You will want to ensure your data quality matches your logic if you use "6. Write mathematical calculations"
In your example workbook on the "Calculate" worksheet, you have 9.8 and 6.2 respondents for "movies" and "Sales", instead of 10 and 6. This seems to be because of an apparent error in your underlying data.
When I use #3., my Y axis measure doesn't appear to bear any immediate relation to the bars in the worksheet (even though the counts for the bars are correct). I'm trying to figure out what Tableau might be counting over there....
Can we get a TWBX file here instead of a TWB?
This link *does* go to a twbx, doesn't it?
http://www.tableausoftware.com/sites/default/files/blog/8_how_to_avoid_countd_0.twbx
Strange, it didn't two minutes ago, it gave me a zipped file with a DATA folder and a TWB
Matt, in your case, simply change the extension .zip to .twbx after downloading. I suspect there is a configuration missing on Tableau's server, and your web browser is looking at the file contents instead of the file extension to determine the file extension.
It was no big deal, I have just been noticing a lot of workbook link errors on the site lately. After Mark's comment, it downloaded properly. Same browser, etc. Very odd, but thanks guys!
In example 1, how did you get the total count to appear above the 5 regional bars on the visual cheat sheet version?
Thomas, I believe you can simply turn on Mark Labels for the bar chart:
http://onlinehelp.tableausoftware.com/current/pro/online/en-us/annotatio...

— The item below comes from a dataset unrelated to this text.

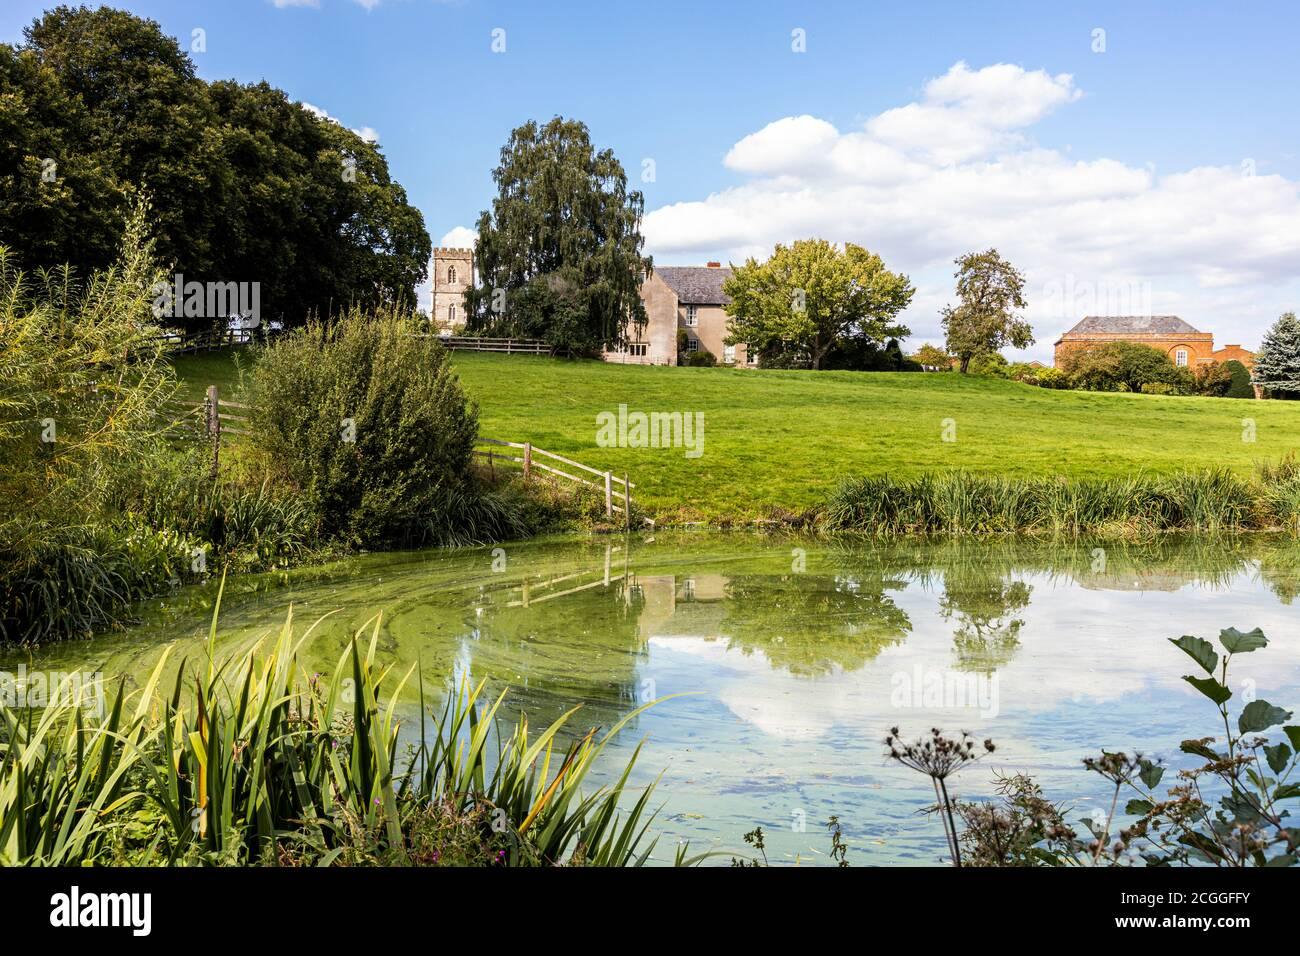 La corte de Maisemore y la iglesia de St Giles vistas a través del lago en el pueblo de Severn Vale de Maisemore, Gloucestershire, Reino Unido Foto de stock

Hi Matthew - as soon as I posted the question I remembered the answer. Your suggestion does not work because the chart is not a simple bar graph, its a stacked bar graph with 1 little barstack for each unique instance of dimension X. I have over 3,000 instances of dimension x per column category which would result in over 3,000 labels. The trick is to right click the column axis and select reference line. Choose the per cell, sum, value and the no line option and voila, you get labels.
Yes, I didn't think about that. There are ways (using Table Calcs) to get one mark for the entire bar, but that's a separate conversation. Cheers.